This will bring the one way analysis.
Under the red triangle find the equivalence test.
There are two options means and standard deviations.
We are going to focus on means in this talk.
we bring the dialogue and you can select a test that you would like to conduct
and the graph will represent the selected test.
For the superiority or non-infererority test there are two scenarios.
Large difference is better or smaller difference is better.
Choose option depend on the situation.
You also need to specify the margin here for the delta.
You need to specify the significance level alpha as well.
You can choose use pooled variance or unequal variance to run the test.
You can do all pair wise comparison
or you can do a comparison with the control group.
We're going to run an equivalence test first
and we will specify the three as margin for the difference.
We click the Okay button.
Here is the result of the equivalence test.
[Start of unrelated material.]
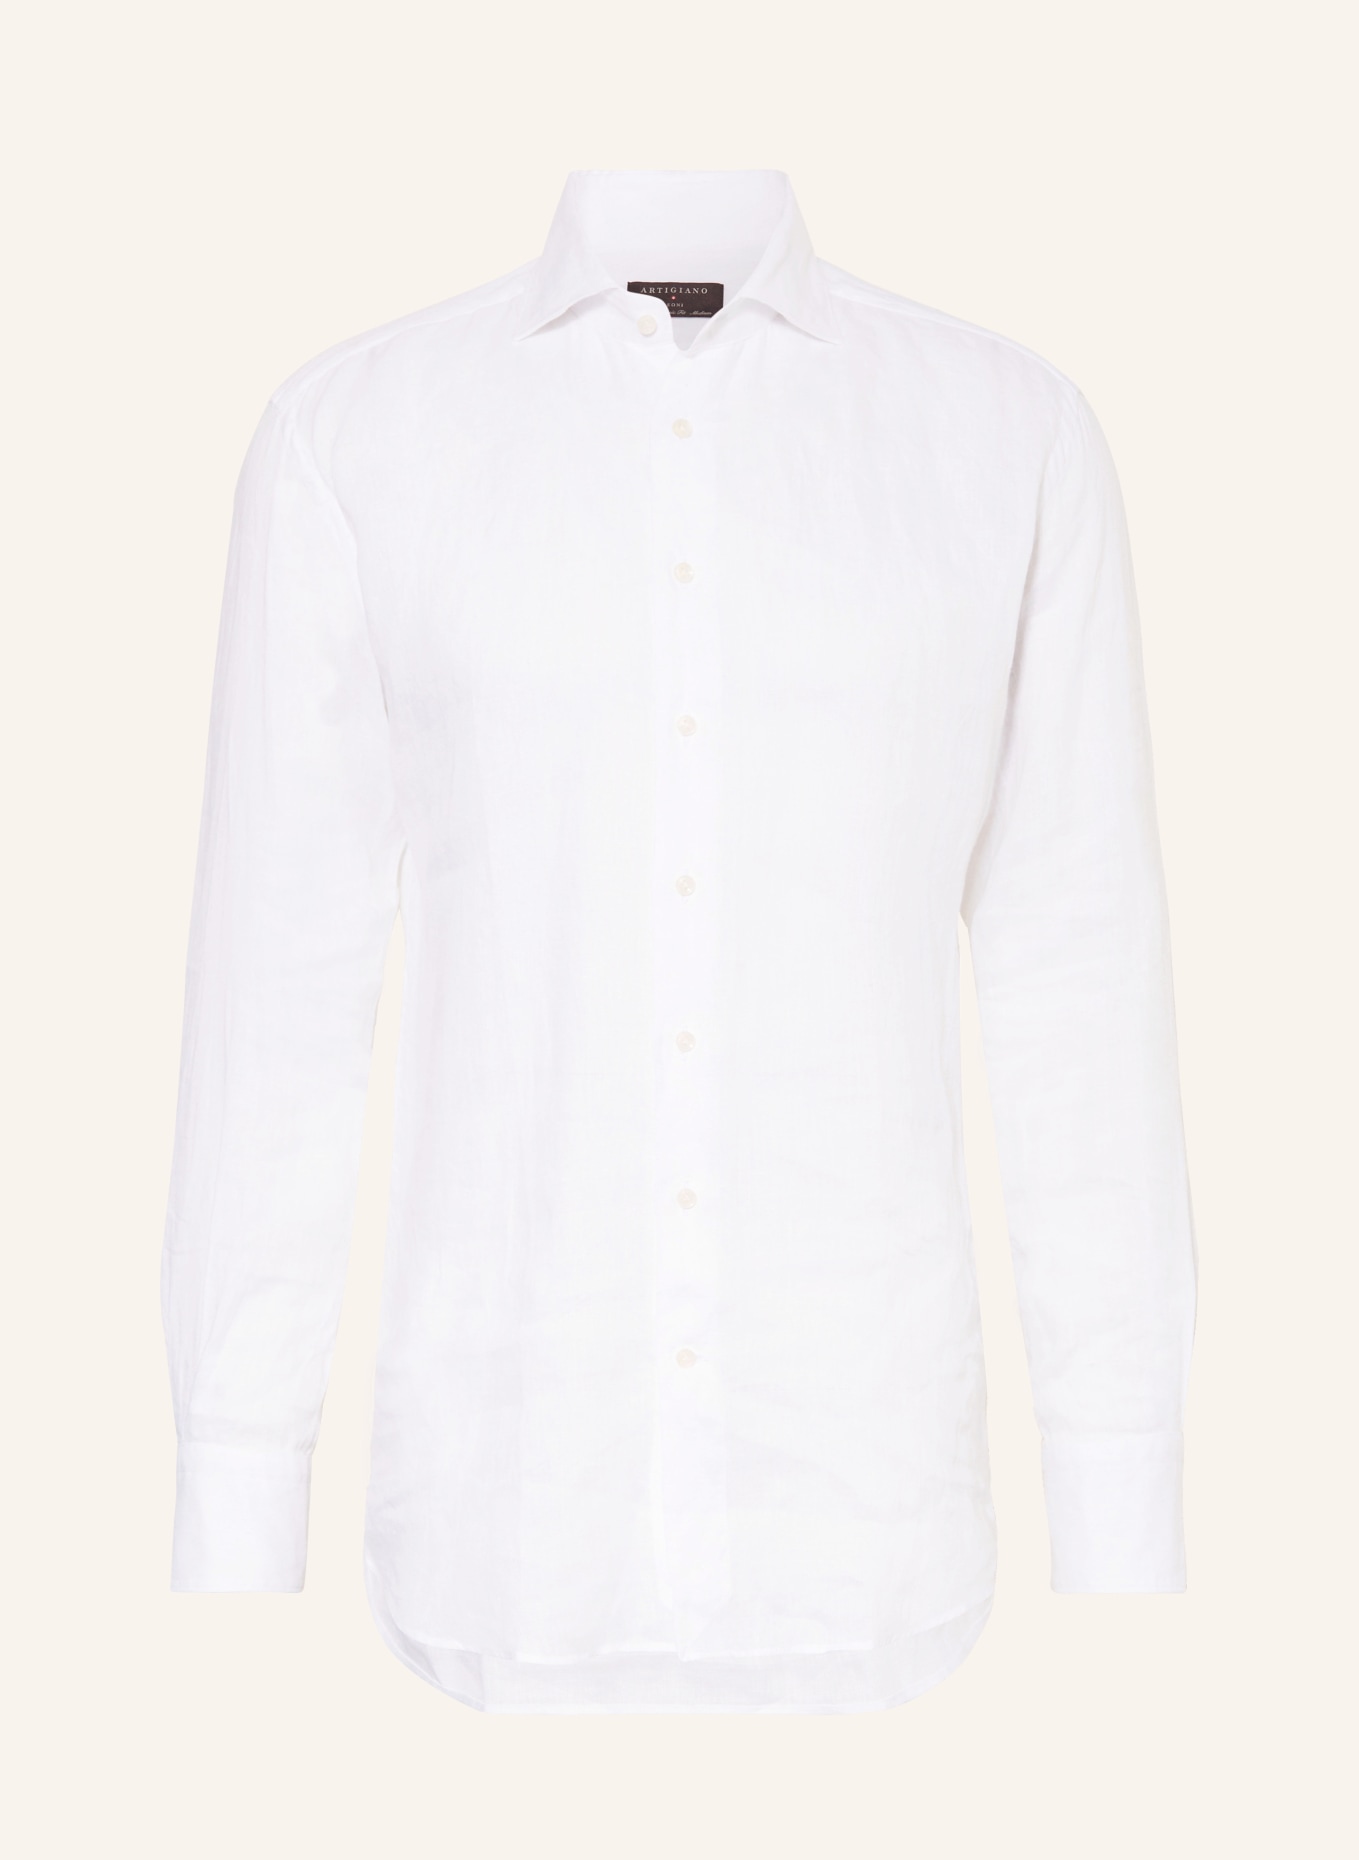 ARTIGIANO Linen shirt classic fit, Color: 1 uni white (Image 1)
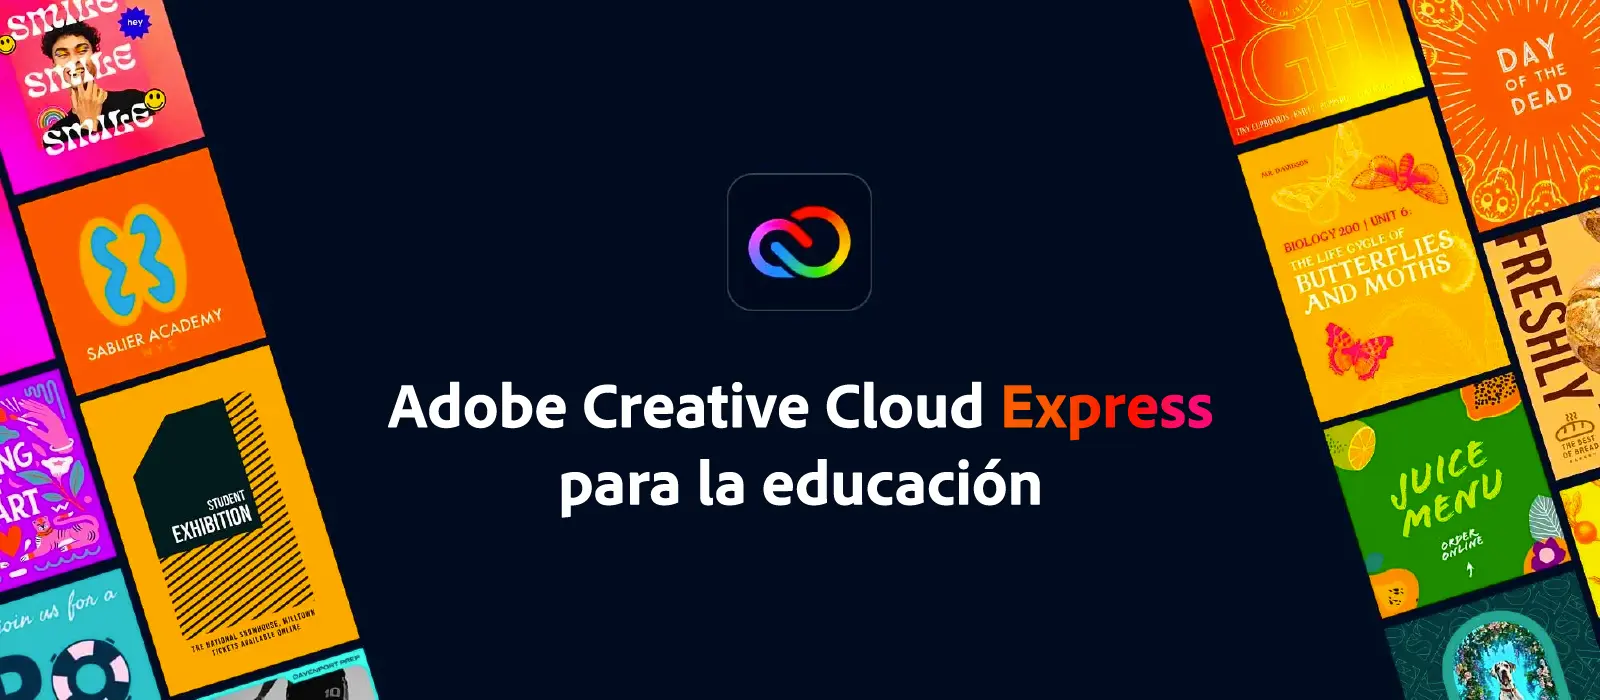 Portada con el texto Adobe Creative Cloud Express for Education

From this forest plot you can see that
the confidence interval for the main difference between drug A and drug C
is completely contained in this blue equivalence region.
The max P-value is zero less than .05.
We can conclude to the .o5 significance level.
Drug A and drug C are equivalent.
But if we look at drug A and B, drug B and C
we can see their confidence interval of the main difference
is both beyond this blue region.
At the .05 significance level
we cannot conclude that drug A and B or drug B and C are equivalent.
Assume drug C is our standard drug and we would like to find out
if the measurements of drug A or B are much better than drug C.
We can run a superiority test to prove.
Let me close this outline note first and we bring the launch dialogue again.
This time we're going to do a superiority test.
For this test we believe large difference is better.
Here we keep this selection.
A lso for this study we want to set drug C as our control group.
We plug in the delta, the margin .04 for this case click Okay button.
Here is the result for superiority test.
From the forest plot you can easily see that the confidence interval
of mean difference between drug B and C
is completely contained in this superior region
and the P-value is less than .05 .
We conclude that drug B is superior to drug C.
The confidence interval of mean difference
between drug A and C is beyond this blue region.
The P-value here is much bigger than .05 .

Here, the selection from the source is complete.